Question

Let $E=\mathbb{C}/L$ be an elliptic curve. Then $\mathbb{C}$ is contractible, and $L$ is the fundamental group of $E$. What's interesting is that we can find the cohomology of $E$, which is the same as the sheaf cohomology $H^i(E,\mathbb{Z})$ for the constant sheaf $\mathbb{Z}$, by taking the group cohomology of $L$ with trivial action on $\mathbb{Z}$. What's more interesting is that if $\mathcal{O}^\times$ is the sheaf of invertible holomorphic functions on $E$, then we can find the sheaf cohomology of this by considering the group cohomology of the action of $L$ on the group of invertible holomorphic functions on $\mathbb{C}$ defined by $(\omega f)(z)=f(z+\omega)$ for $\omega \in L$. In the case of $H^0$, this is obvious, since the holomorphic functions which are fixed by $L$ ($H^0$ in group cohomology), which is the same as invertible holomorphic functions on $E$, which is the same as the global sections of the sheaf on $E$ (and this is true for many other sheaves). In the case of $H^1$, one can see that both are the group of invertible line bundles on $E$.

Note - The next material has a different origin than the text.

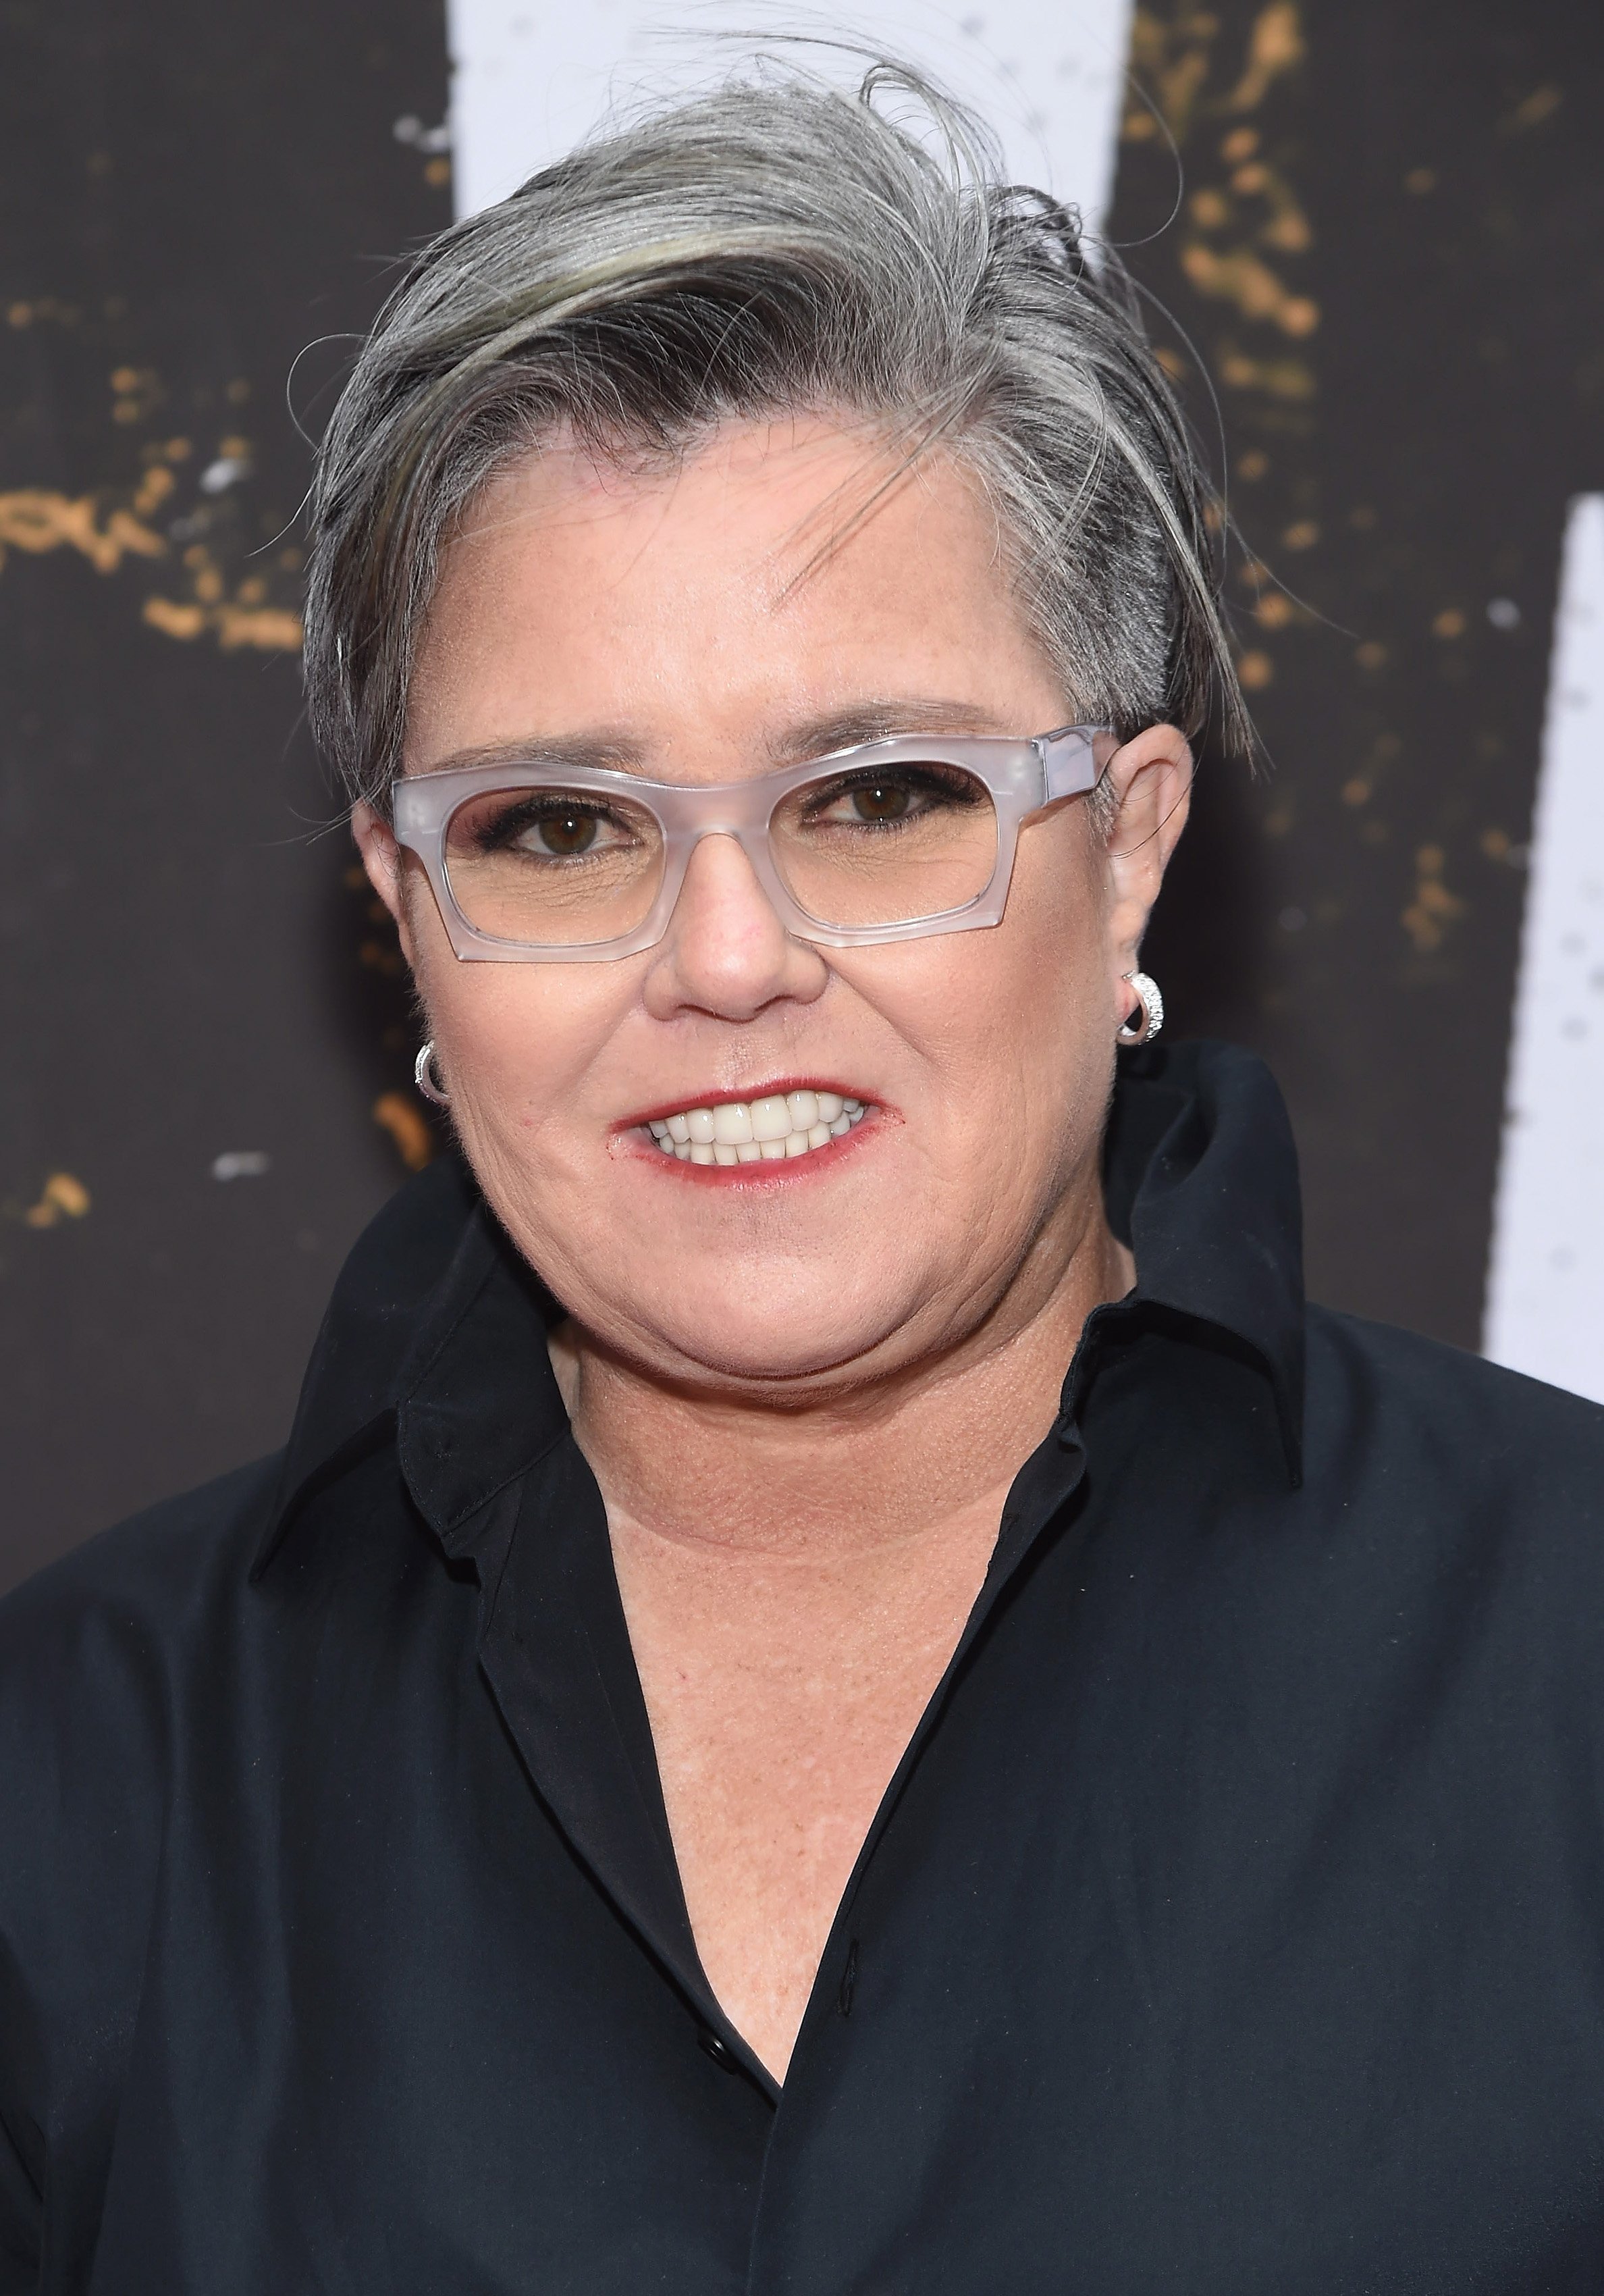 Rosie O'Donnell attends the Broadway opening night of 'Oklahoma' on April 07, 2019, in New York City. | Source: Getty Images.

My question is: why is the group ($L$-module) of holomorphic functions on $\mathbb{C}$ the natural one to consider? In this case, it's clearer, since we know what holomorphic functions are. If in general we have a covering map $U \to X$ for some space $X$, with $U$ a contractible universal cover, then given a sheaf on $X$, how do we know what sheaf on $U$ to consider? Specifically, which sheaf on $U$ gives the sheaf cohomology when we take the group cohomology of its global sections?

Answer 1

I doubt that in general one can construct a reasonable sheaf on $U$ with the required properties. To see what kind of bad things can happen, let us try to understand why this works for $X$ an elliptic curve and the sheaf $\cal{O}^{\times}$ on it.

We have the derived global sections functor from the $D^b$ of sheaves on $X$ to the $D^b$ of sheaves on a point, i.e. graded vector spaces. But given a sheaf $F$ on $X$ we can compute its global sections in a roundabout way: we can first take the pullback to $U$, then take global sections and then take the $G$-invariants where $G=\pi_1(X)$. Passing to the derived categories we get $$R\Gamma (F)=R(R\Gamma f^{-1}(F))^G$$ where $F\in D^b(X)$, $f:U\to X$ is the projection, $R\Gamma f^{-1}$ is the right derived functor of the left exact functor $\Gamma f^{-1}$ and $R(\cdot)^G$ is the right derived functor of the functor of $G$-invariants (this functor goes from the $D^b$ of $G$-modules to graded vector spaces).

We have the Grothendieck spectral sequence that converges to $H^\ast(X,F)$ with the $E_2$ sheet given by $$E_2^{p,q}=H^p(G,H^q(U,f^{-1}(F)).$$

Now if $X$ is an elliptic curve, $F=\cal{O}^{\times}$ and $U=\mathbf{C}$, then it follows from the exponential exact sequence that $H^q(U,f^{-1}(F))=0$ for $q\neq 0$, so the above spectral sequence collapses and we get the required isomorphism $H^\ast (X,F)=H^\ast(G,H^0(U,f^{-1}(F))$. This also happens when say $F$ is locally constant and $U$ is contractible. But in general there seems no reason to expect the spectral sequence to collapse, let alone to be concentrated in one row only.